* INSTRUCTIONS TO FOLLOW
Please write out every entry below exactly, leaving out any pictures.

(Stored dataset items)
+++

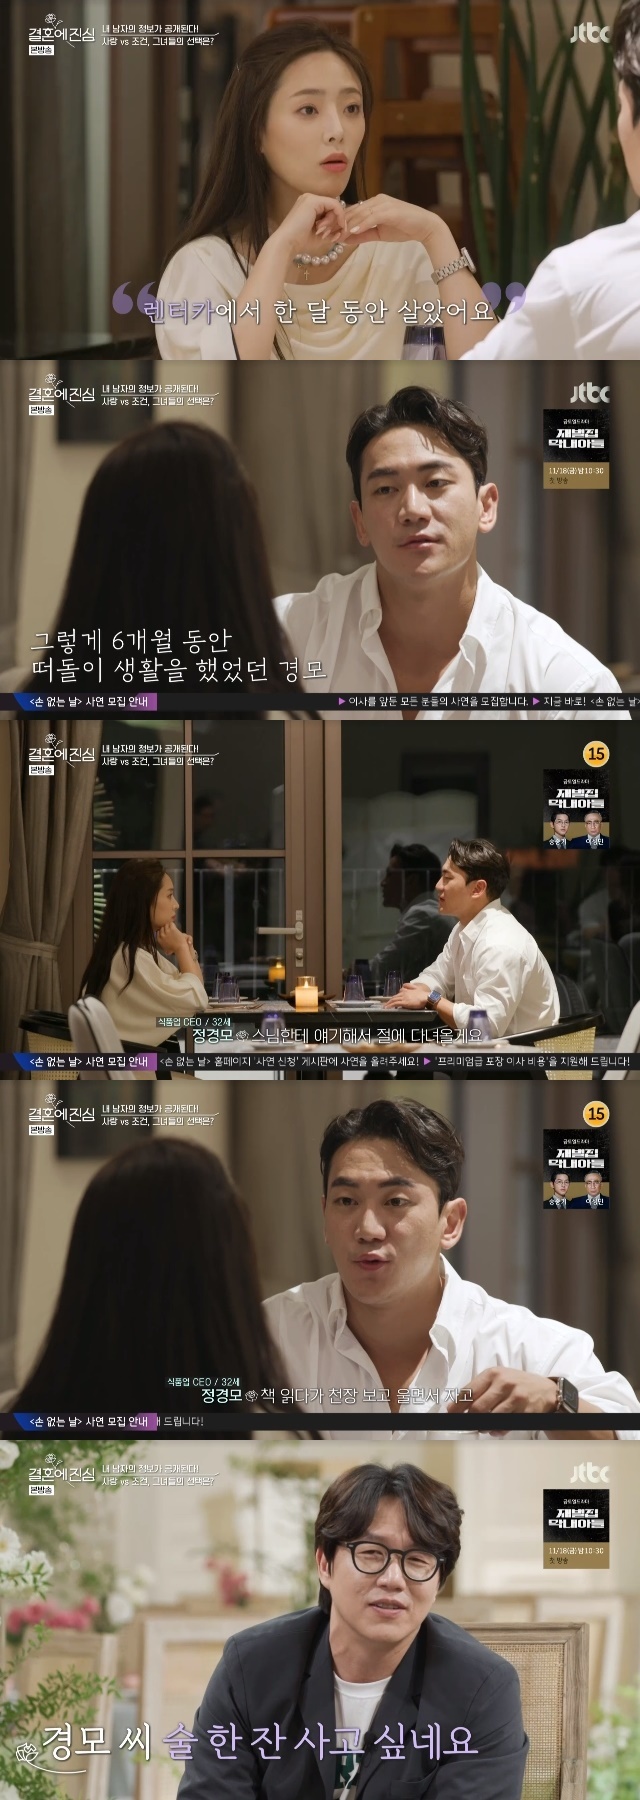 Jung Kyung-mo honestly confessed his business failure.In the third JTBC entertainment Im serious about getting married broadcast on October 27, 10 decisive men and women (Im serious about getting married) who get to know each other through information disclosure date were drawn.On this day, Jung Kyung-mo said that his current job is a food business CEO who runs a rice cake online business. I earn a lot in a month. I earn well.Before the rice cake business, I had a pork rib restaurant and a wine bar business, he said. The meat restaurant was my first business. It was so great. It was a big hit, so I thought I could do business. I was proud for a year. I ran out of customers because of the burnout.He said he was completely screwed with the meat restaurant business. I lived in a rental car for a month because I did not want to spread my debts to my parents. I spent six months. I said, Dad, Ill talk to my monk and go to the temple.I pushed my head, ate lunch 300 times, ate dinner 300 times. I read a book in the evening and cried while sleeping. 
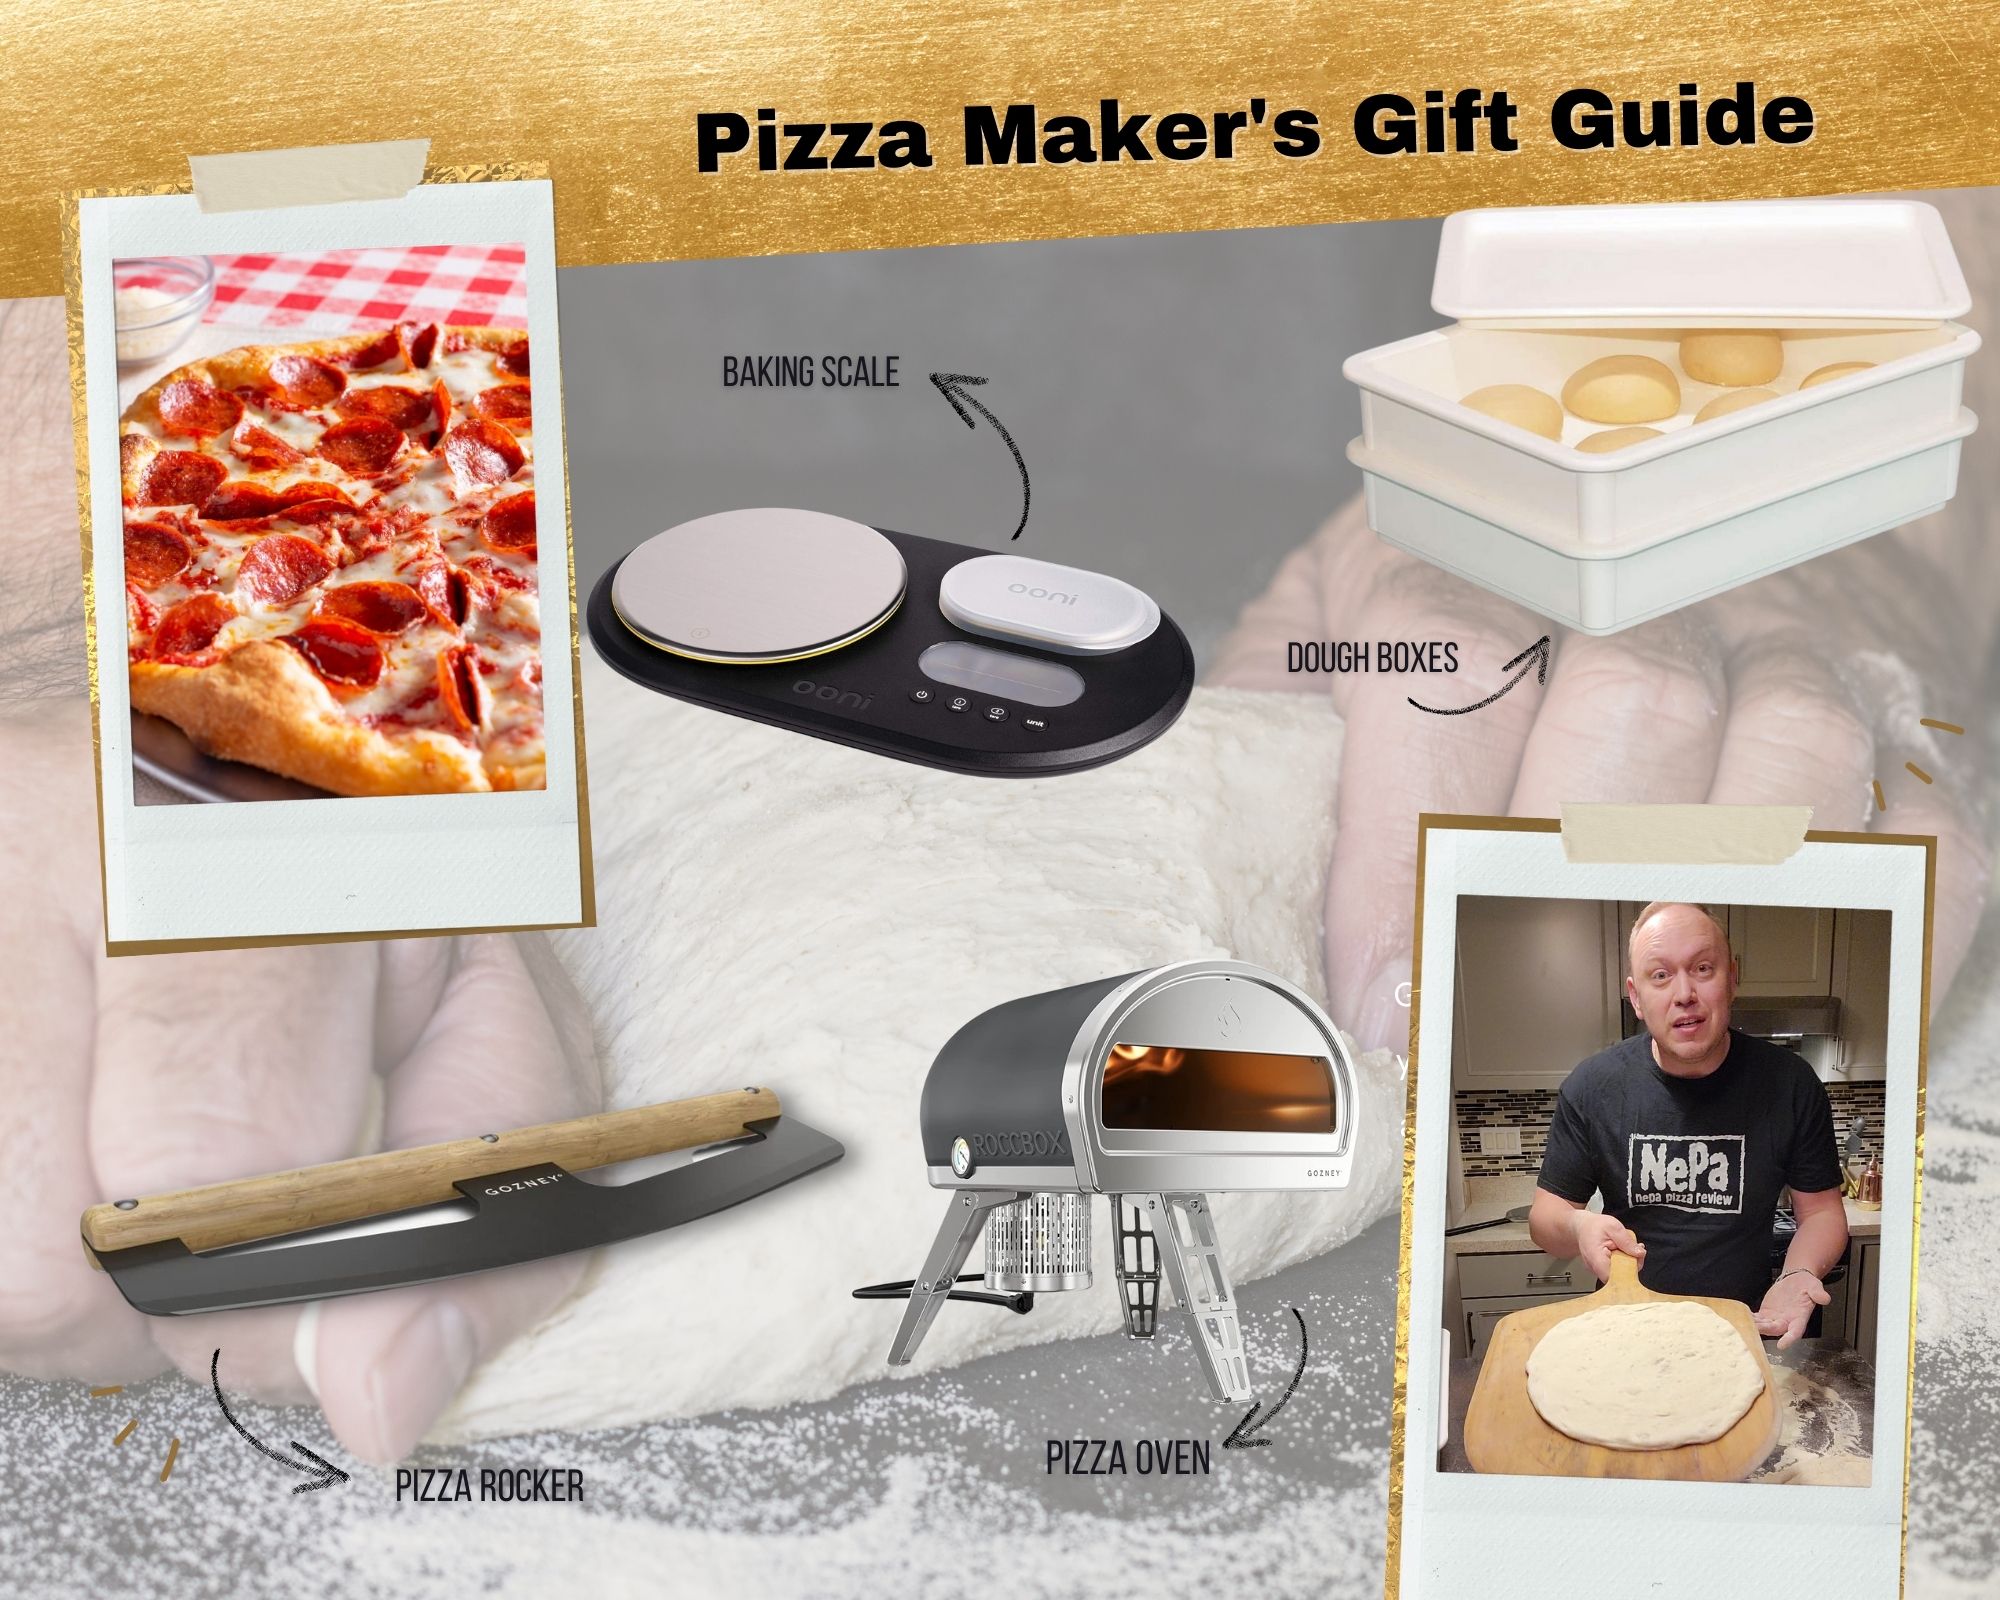 https://nepapizzareview.com/wp-content/uploads/2022/11/Ultimate-Gift-Guide-for-the-Home-Pizza-Maker-1.jpg
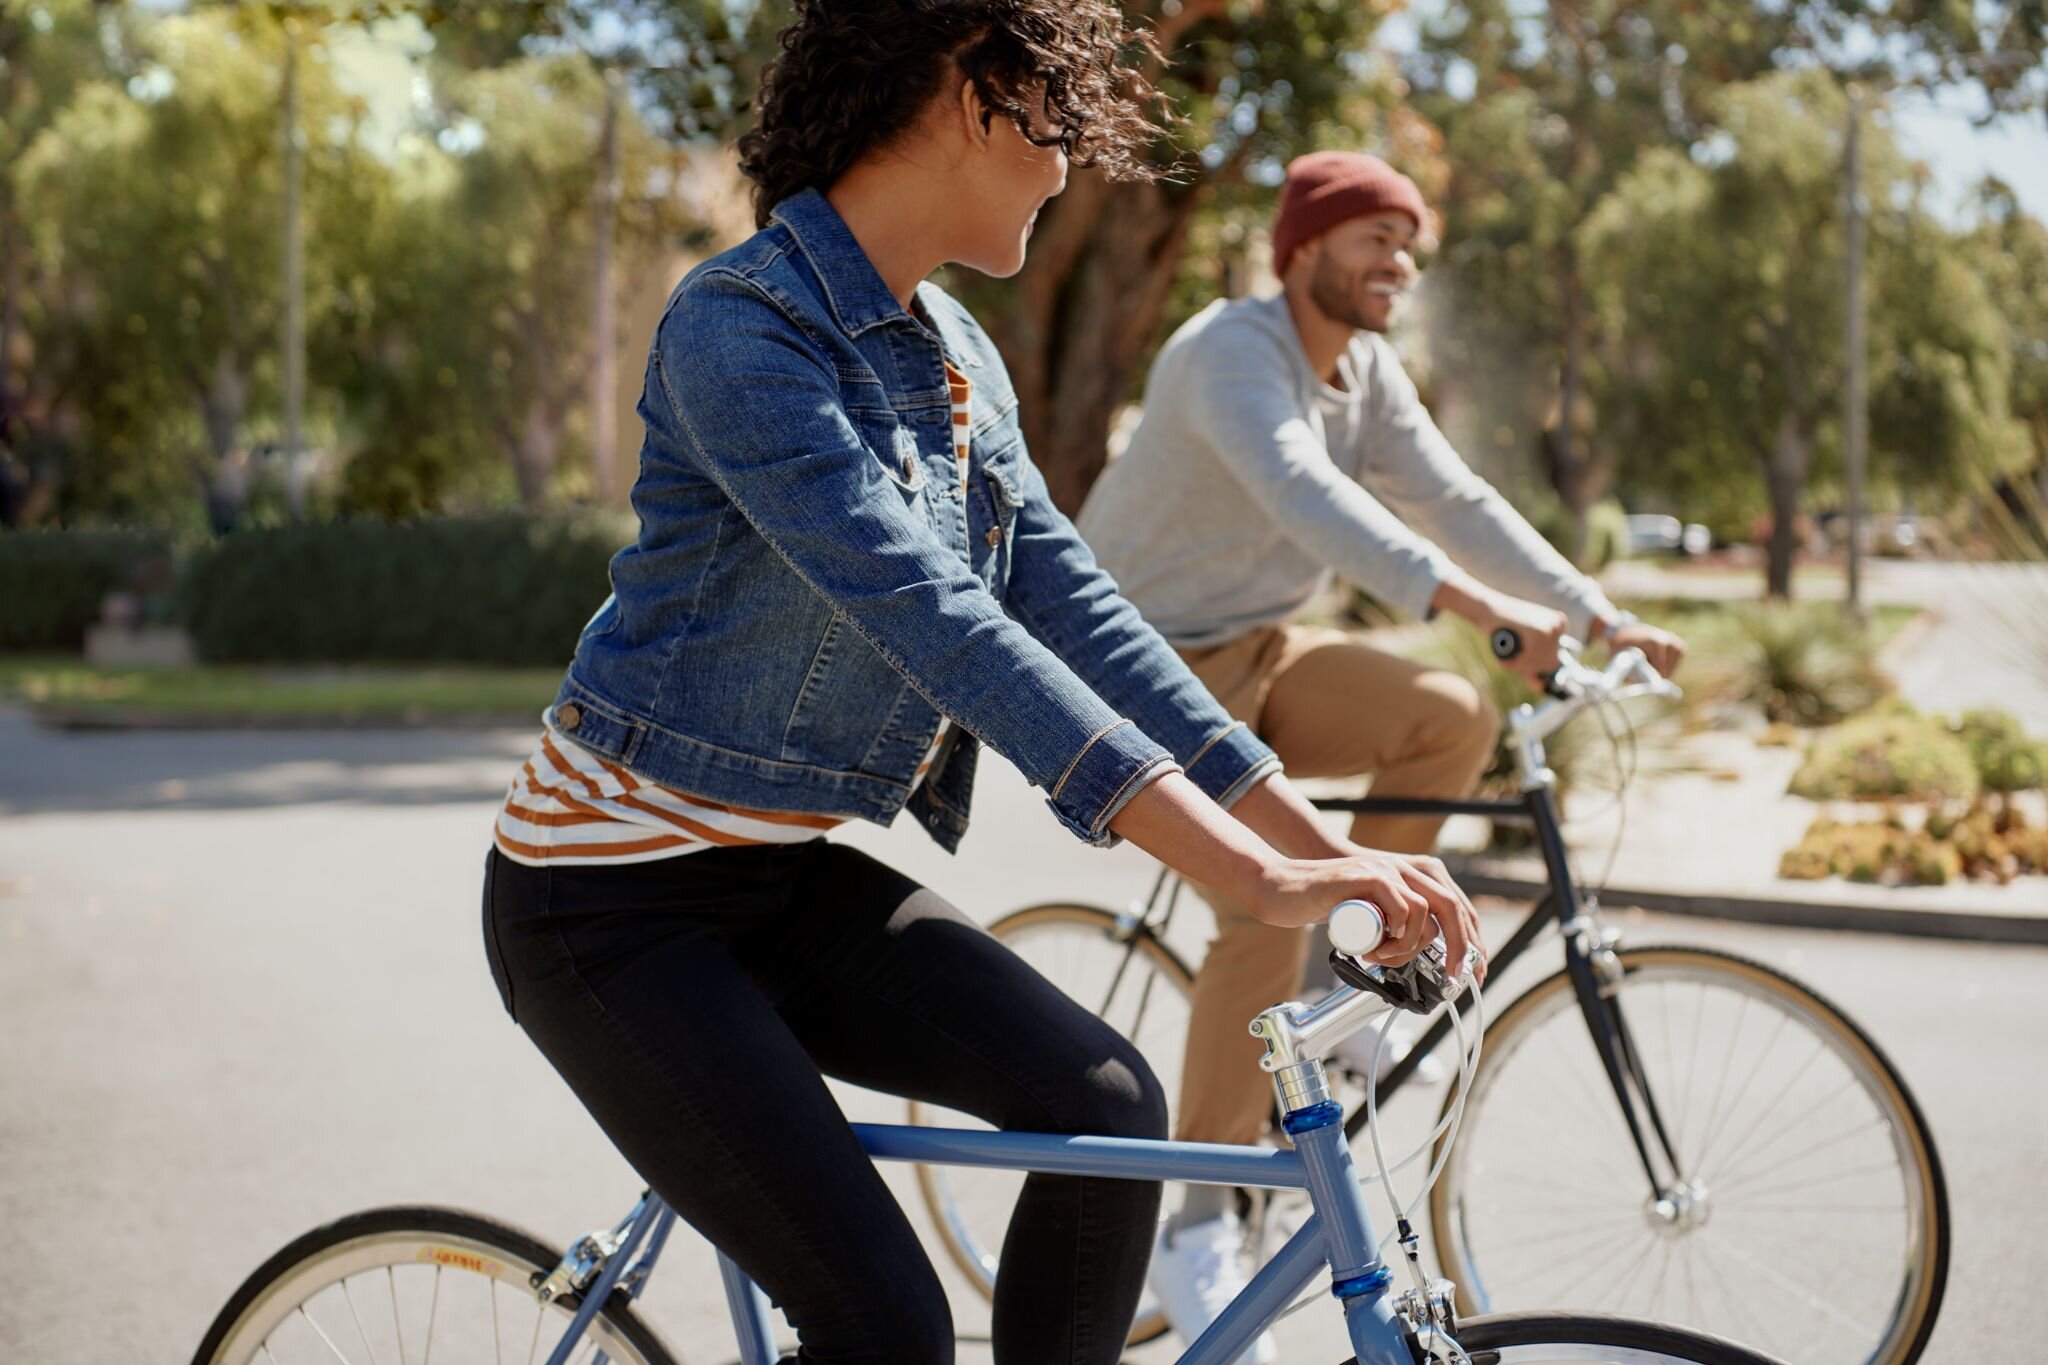 Nothing says &lsquo;spring&rsquo; in #Parkmerced like taking a bike ride through the lush  grounds. 
-
-
-
-
-
🏷
#sanfran #sanfransico #sanfranapartment #sanfranrental #apartment #rental #apartmentliving #sfsu #bikeride #springactivities #apartmentl

+++

* RESPONSE FOR THIS EXERCISE
 Jung Kyung-mo honestly confessed his business failure.In the third JTBC entertainment Im serious about getting married broadcast on October 27, 10 decisive men and women (Im serious about getting married) who get to know each other through information disclosure date were drawn.On this day, Jung Kyung-mo said that his current job is a food business CEO who runs a rice cake online business. I earn a lot in a month. I earn well.Before the rice cake business, I had a pork rib restaurant and a wine bar business, he said. The meat restaurant was my first business. It was so great. It was a big hit, so I thought I could do business. I was proud for a year. I ran out of customers because of the burnout.He said he was completely screwed with the meat restaurant business. I lived in a rental car for a month because I did not want to spread my debts to my parents. I spent six months. I said, Dad, Ill talk to my monk and go to the temple.I pushed my head, ate lunch 300 times, ate dinner 300 times. I read a book in the evening and cried while sleeping. 
 https://nepapizzareview.com/wp-content/uploads/2022/11/Ultimate-Gift-Guide-for-the-Home-Pizza-Maker-1.jpg
 Nothing says &lsquo;spring&rsquo; in #Parkmerced like taking a bike ride through the lush  grounds. 
-
-
-
-
-
🏷
#sanfran #sanfransico #sanfranapartment #sanfranrental #apartment #rental #apartmentliving #sfsu #bikeride #springactivities #apartmentl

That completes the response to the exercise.